Work order:
All of the data that follows should be given again exactly, without its images.

Given material:
......

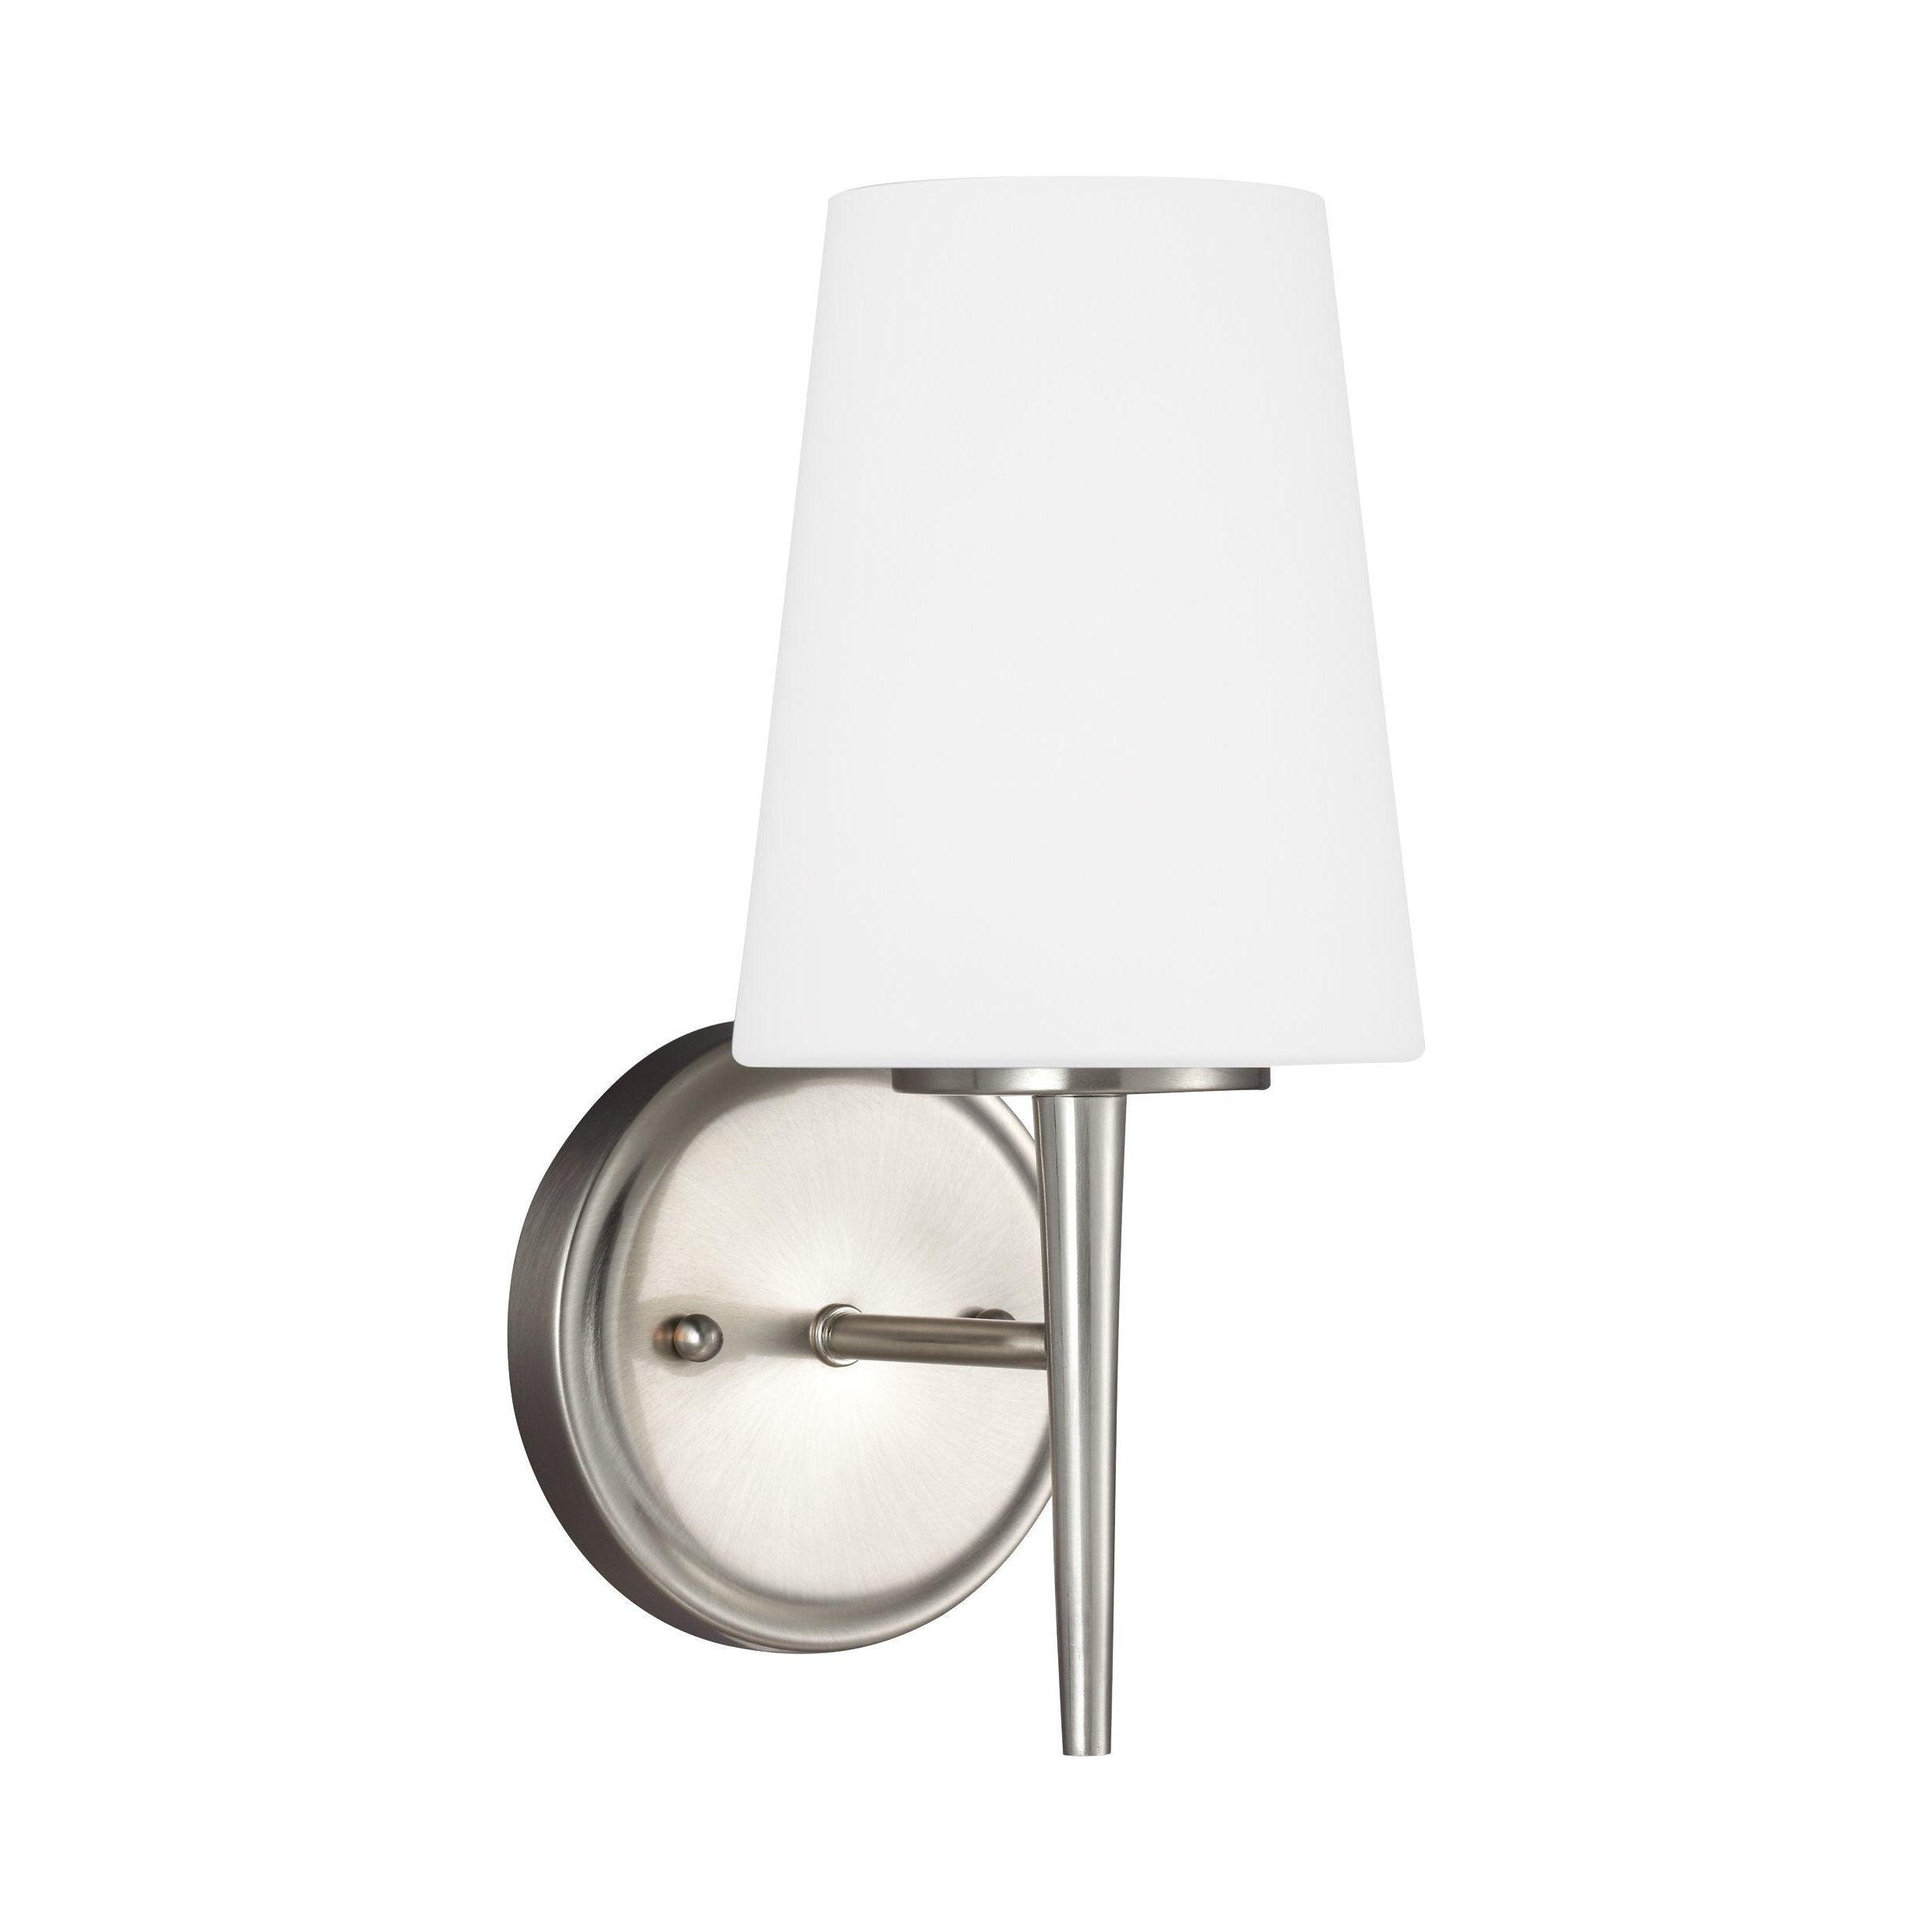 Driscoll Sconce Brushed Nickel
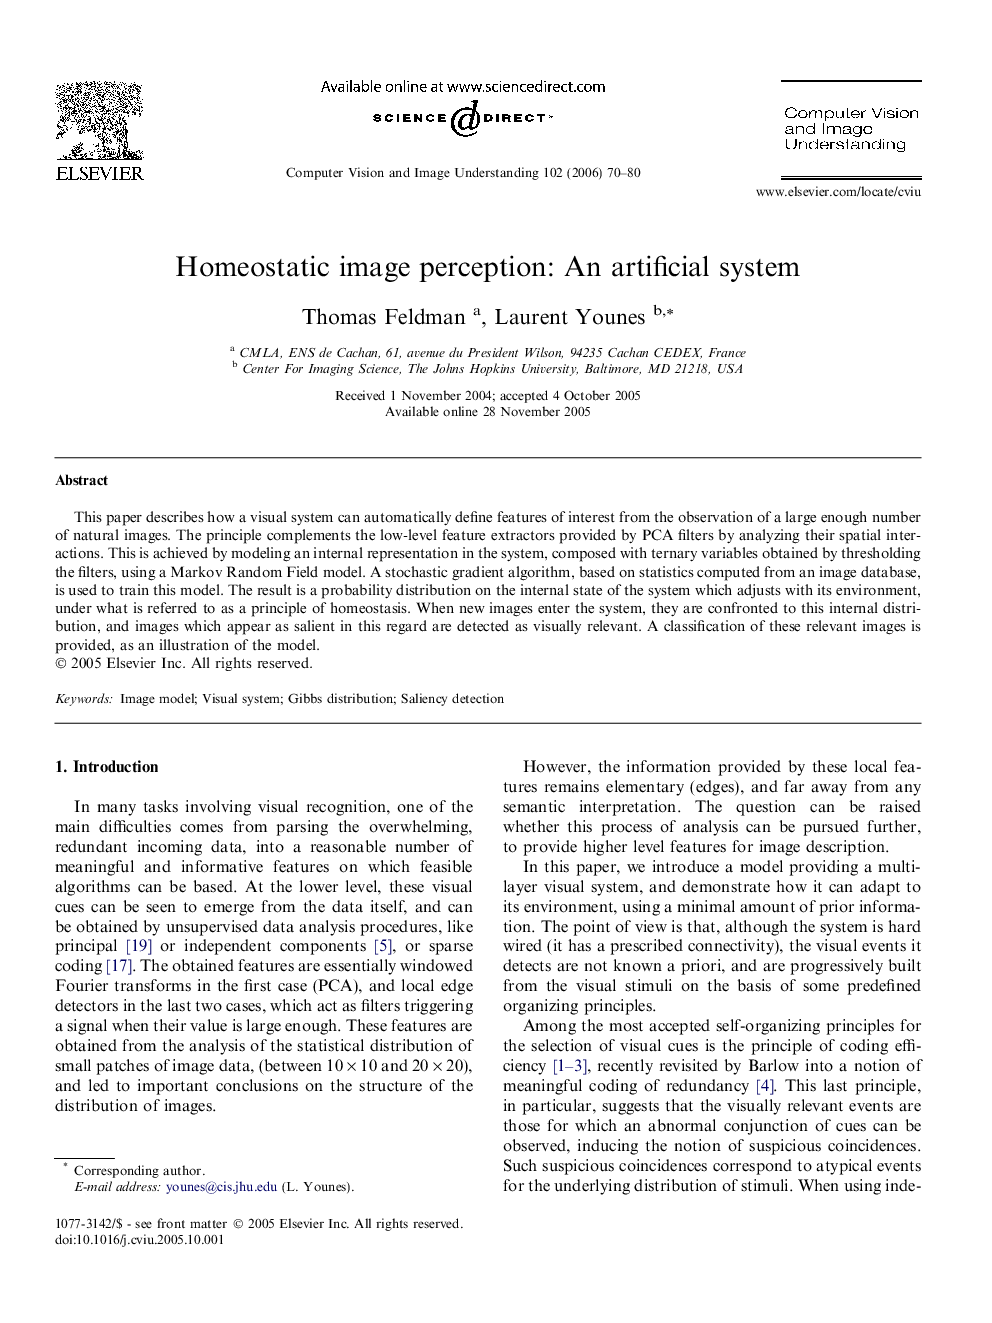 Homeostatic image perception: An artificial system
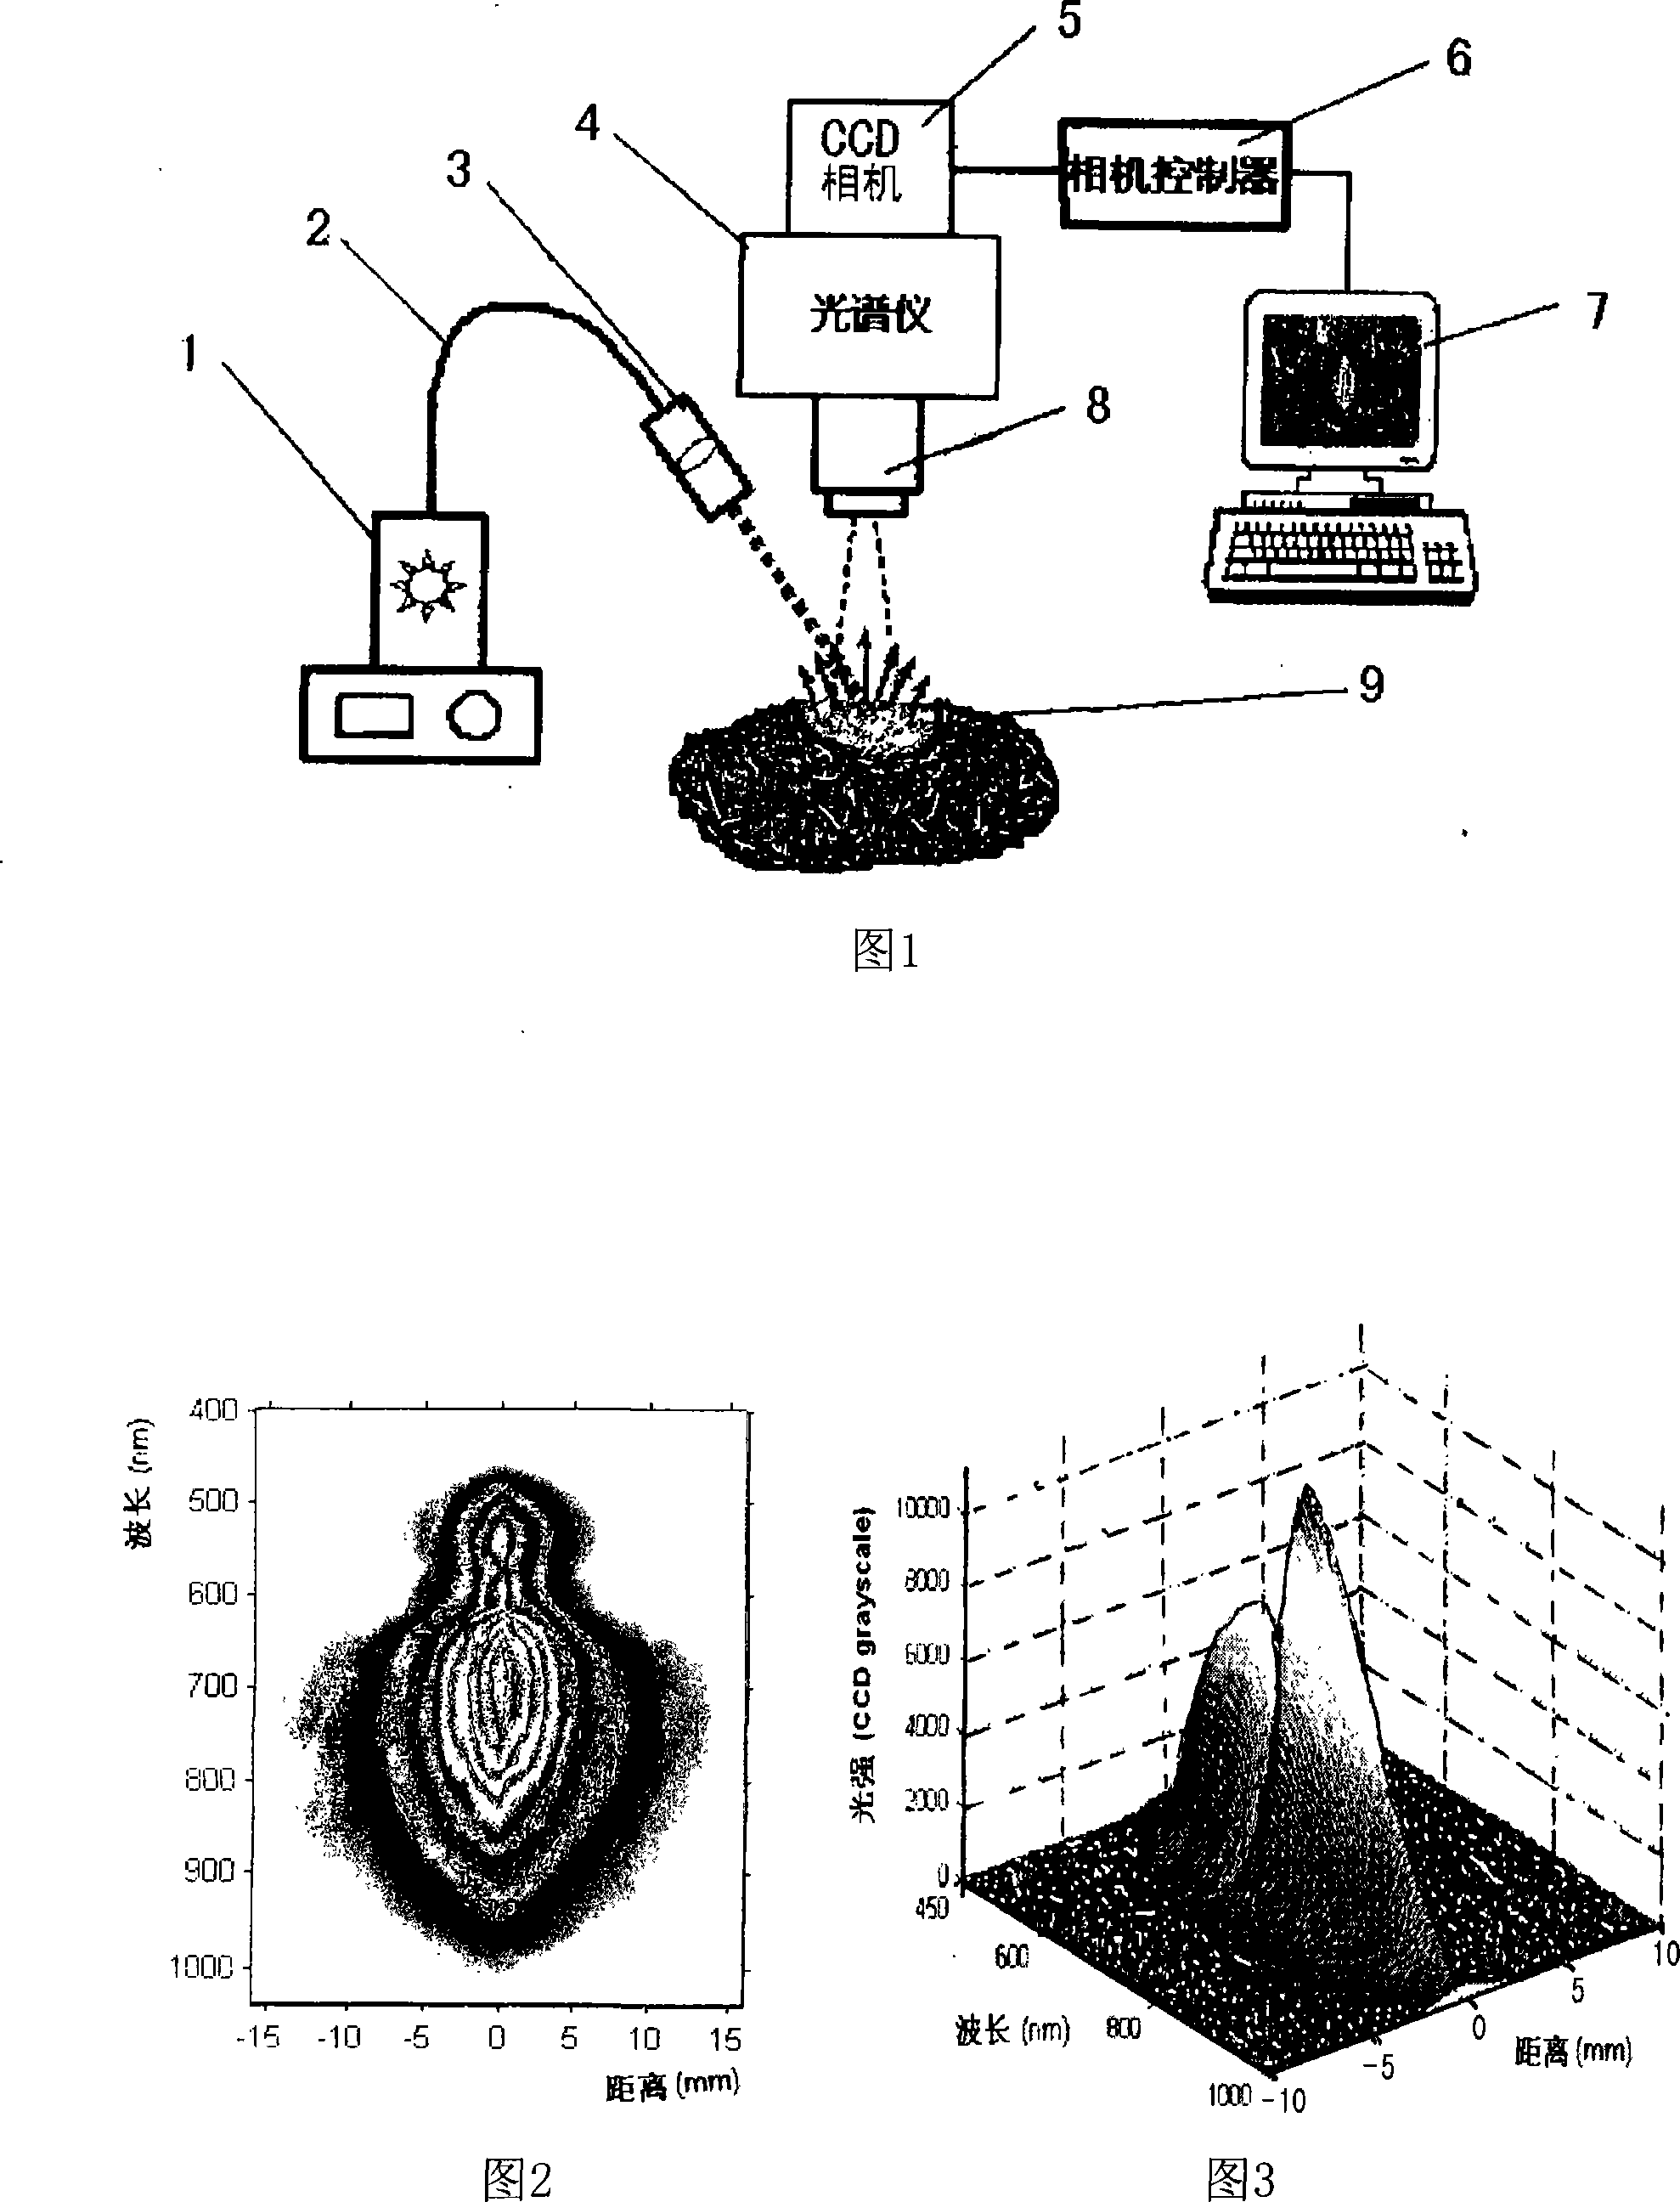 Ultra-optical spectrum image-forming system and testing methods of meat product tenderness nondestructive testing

......

Response area:
 Driscoll Sconce Brushed Nickel
 Homeostatic image perception: An artificial system
 Ultra-optical spectrum image-forming system and testing methods of meat product tenderness nondestructive testing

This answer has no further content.